I don't understand it at a glance, but the meat looks to be in steam_api_req_new and steam_api_req_logon.

[DoctorMcKay]

It looks like bitlbee-steam is using WebAPI mobile logons, which wouldn't get you a CM session.

[bertiebaggio]

Thank you for your response :)

I'm completely oblivious to the differences; but I take it CM* is preferred and/or provides a fuller API. bitlbee-steam doesn't offer group chats, for example; though whether this is due to limitations in API or dev time I don't know.

(*CM is 'Connection Manager', right? it's a surprisingly tricky acronym to track down if you don't know it in advance!)

It seems odd that SteamGuard-email works just fine for WebAPI logins and indeed regular Steam client logins; but not for CM sessions.

My node/TS knowledge is limited but I am motivated to help, is there any way I can assist with this?
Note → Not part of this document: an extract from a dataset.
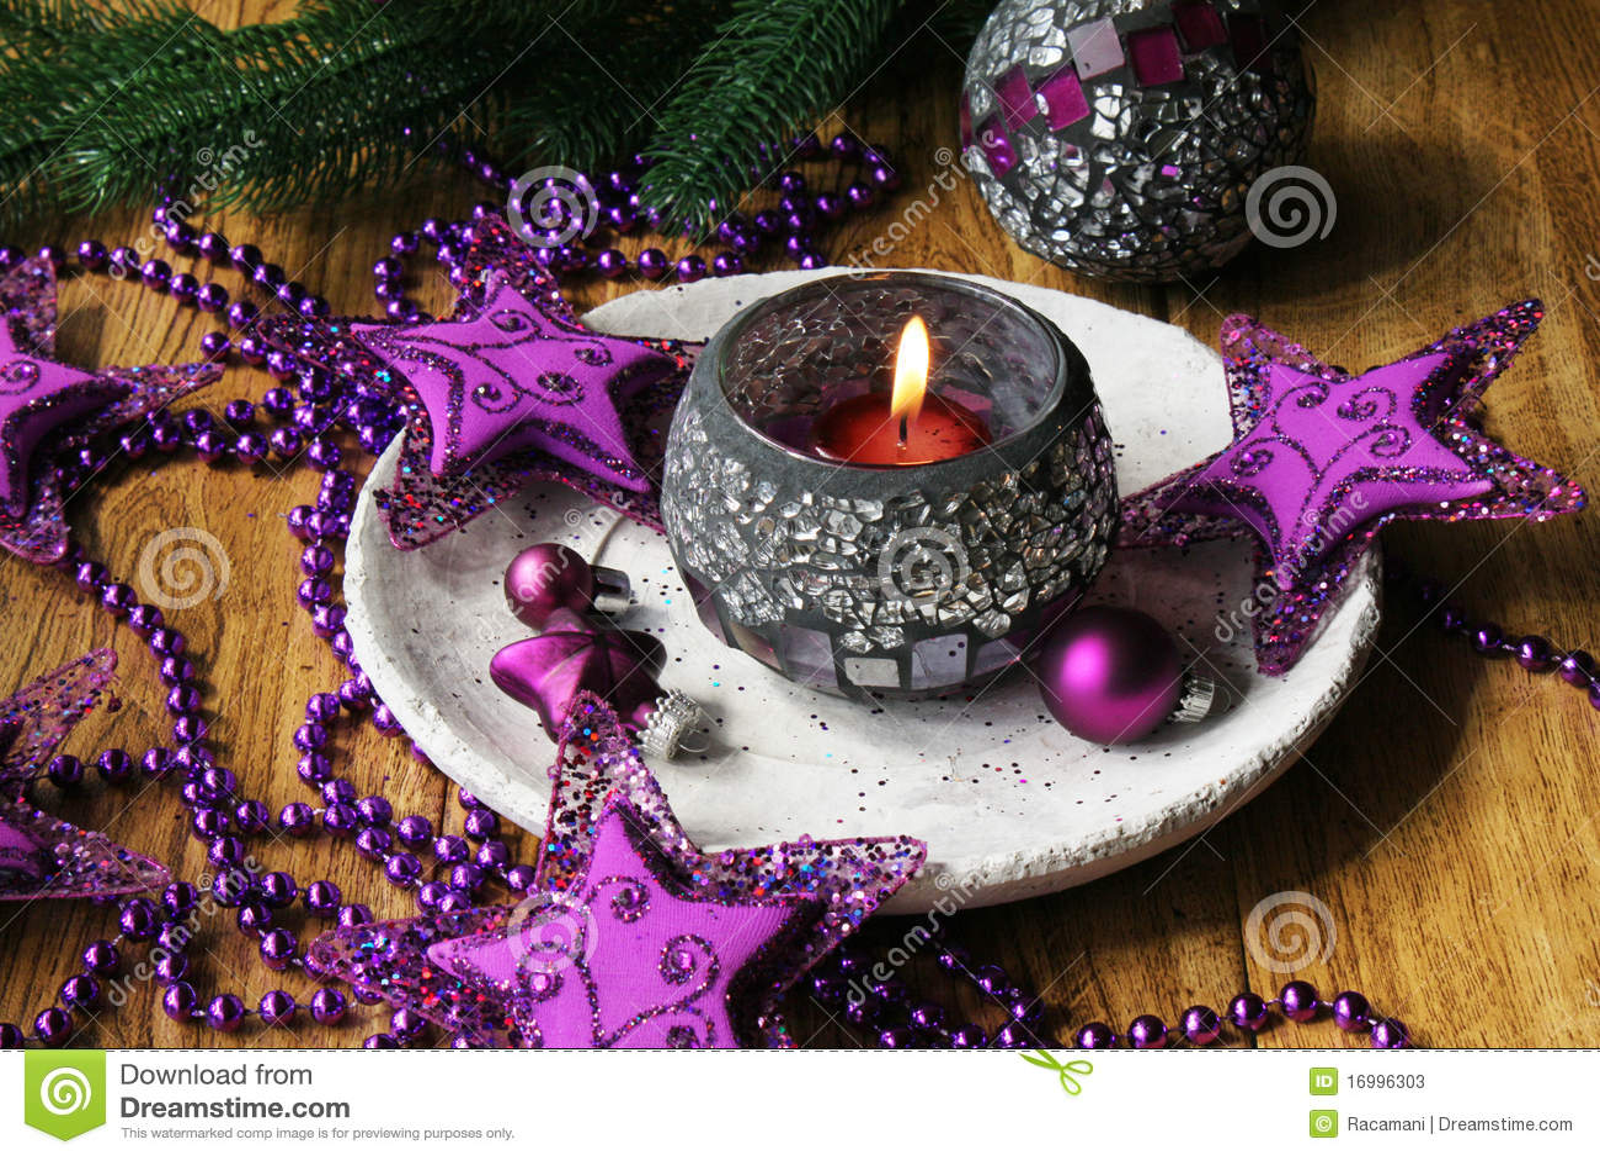 Purple table decorations for christmas - Purple Christmas Decorations Stock Photos Image 16996303

Or is it a case of the problem is unsolvable until Steam resolves whatever the issue is with SG/auth flow on their side?

[DoctorMcKay]

WebAPI sessions are the same thing the mobile app uses, so it's going to be as limited as the app is. CMs are what the proper Steam client connects to, so you can do anything the desktop client can do through a CM.

All I can figure is that there's something I'm missing regarding how the proper Steam client logs on using login keys. Maybe I'll be able to dump some traffic and look for a pattern.

[UmbraChimera]

Has there been any updates on this? I'm using mobile 2fa and still can't get this to work with the puppet downstream.

[fthdgn]

I have the same problem. Does this library work different than https://github.com/SteamRE/SteamKit. I did't have any problem with the C# library. It may help to solve the problem.

[plantroon]

Same problem from mx-puppet-bridge which uses this tool. My steam account has OTP winauth/mobile app equivalent, so not email auth.

[DoctorMcKay]

Closing this as login keys are now deprecated in 4.28.0.